Le concept de Prêt d'Union est simple: des créanciers prêtent de petites sommes d'argent à d'autres particuliers contre rémunération. Le principe est donc semblable à celui de banques ou organismes de crédits classiques, sauf que l'intermédiaire bancaire est remplacé par une plateforme en ligne. «Nous sommes une alternative aux structures traditionnelles de crédit», souligne Charles Egly.
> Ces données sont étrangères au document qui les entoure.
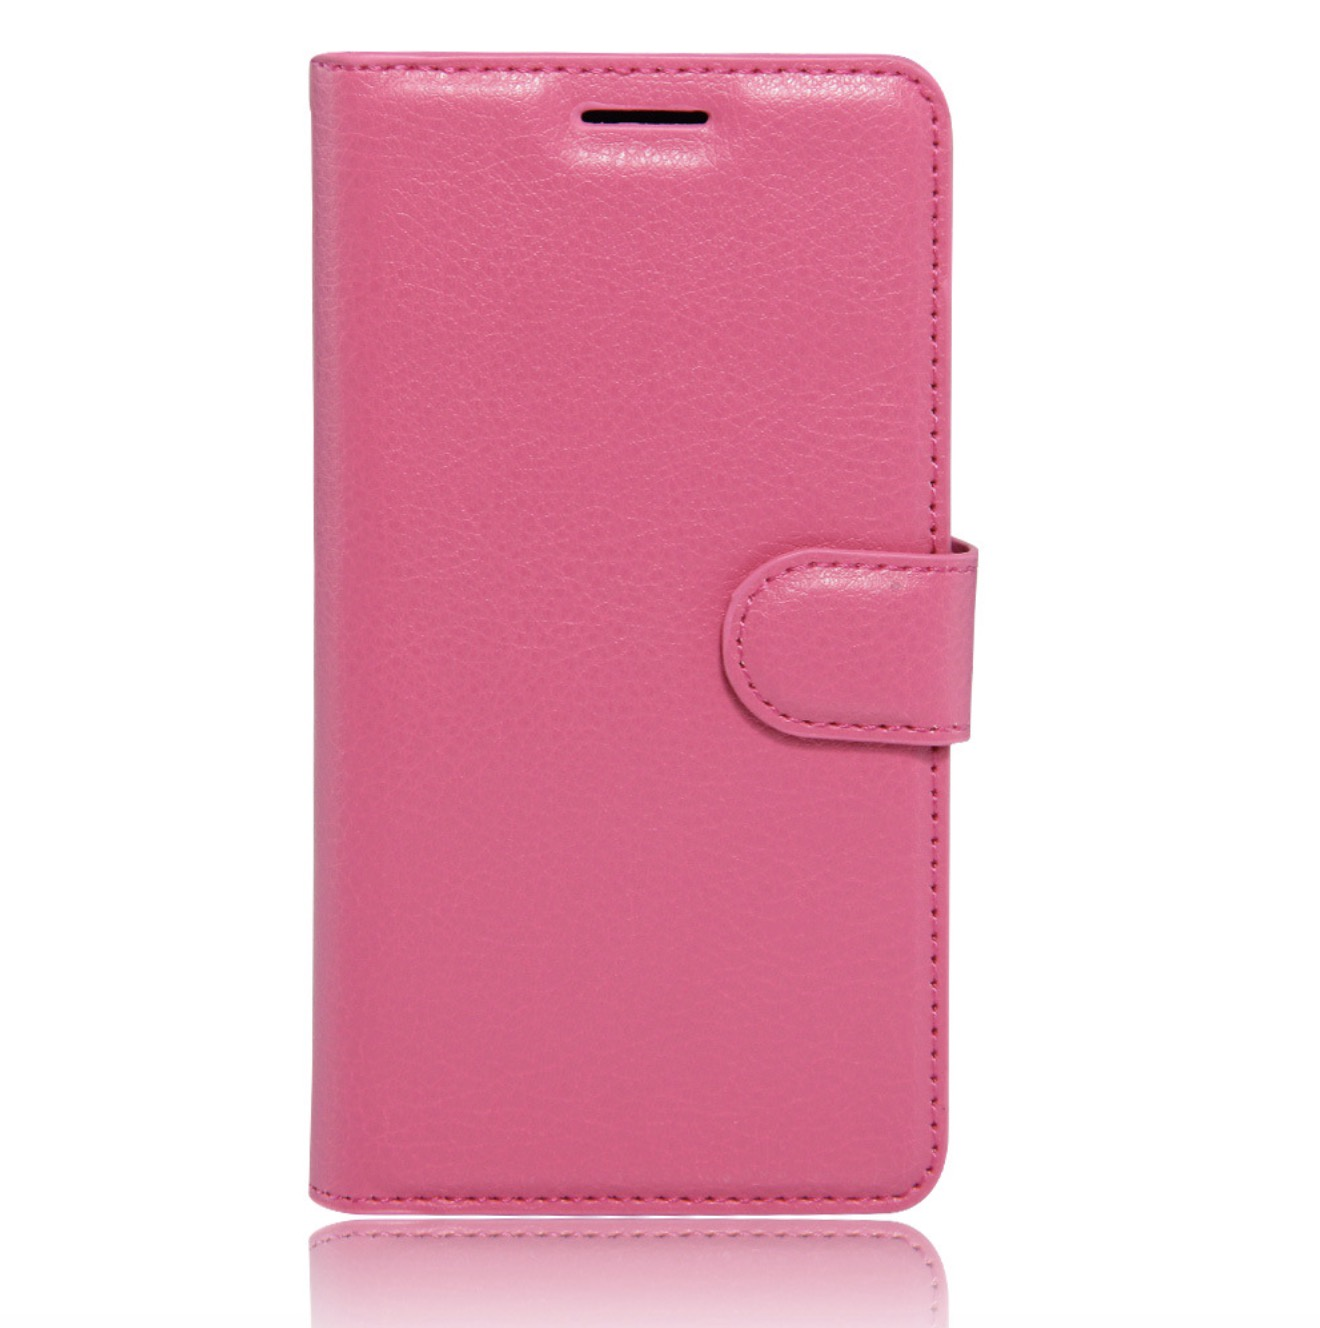 "Чехол-книжка MyPads для Sony Xperia XA / XA Dual 5.0"" (F3113/ F3112 / F3115 /E6533) с мульти-подставкой застёжкой и визитницей розовый"

Pour un emprunteur, l'avantage est de trouver des taux d'intérêt moins élevés qu'avec le circuit traditionnel. «Pour une somme de 5000 euros maximum, Prêt d'Union propose quatre durées de prêts de 2, 3, 4 ou 5 ans avec des taux de 4%, 4,5%, 5% et 5,5%», avance Charles Egly. Avec les structures classiques, le taux moyen d'un prêt à la consommation de 3000 euros est de 15%», souligne le spécialiste.

Les Prêts d'Union «sont de 1 à 1,5 point en deçà de la moyenne des petits crédits», souligne le cofondateur de la plateforme. «Les emprunteurs sont des internautes avisés qui ont fait des recherches sur Internet avant de passer à l'acte. Il y a d'un côté les 30/40 ans et de l'autre les 50 ans et plus. Le prêt contracté vise à financer un projet professionnel, l'achat d'une voiture par exemple, ou un mariage, des travaux de rénovation…»

Seuls 6% des dossiers retenus

De l'autre côté, «le profil type de l'investisseur-prêteur est un boursicoteur averti qui prête, en moyenne, 9000 euros». Les créanciers de Prêt d'Union, qui ne connaissent pas le destinataire de leur placement, récupèrent l'intégralité des taux d'intérêt payés par l'emprunteur. La start-up qui emploie 40 personnes se rémunère, elle, en conservant 2% de frais de dossier à l'ouverture du prêt.

La start-up, qui garantit in fine le remboursement des prêts, a bataillé pendant deux ans avant d'obtenir l'agréement de l'Autorité de Contrôle Prudentiel (Banque de France). Complexe, son modèle d'analyse du risque croise différentes données: l'étude de la solvabilité des emprunteurs, leurs comptes et historiques bancaires et des moyens veillant à éviter le blanchiment et la fraude. En conséquence, le groupe ne retient que 6% des dossiers présentés et le taux de défaut est faible, de l'ordre de 1%.

Ce modèle a été plébiscité par des actionnaires de renom, à commencer par Xavier Niel qui détient 4% de la

plateforme, via le fonds Kima Venture. Charles Egly se revendique d'ailleurs du célèbre patron d'Iliad: «Nous sommes, à notre échelle, un peu le Free du Crédit!». Crédit Mutuel Arkéa détient également un tiers du capital, aux côtés des fondateurs et salariés qui possèdent eux-aussi près d'un tiers du groupe, la Financière de l'échiquier ainsi que AG2R La Mondiale et de nombreux Business Angels figurent également au tour de table.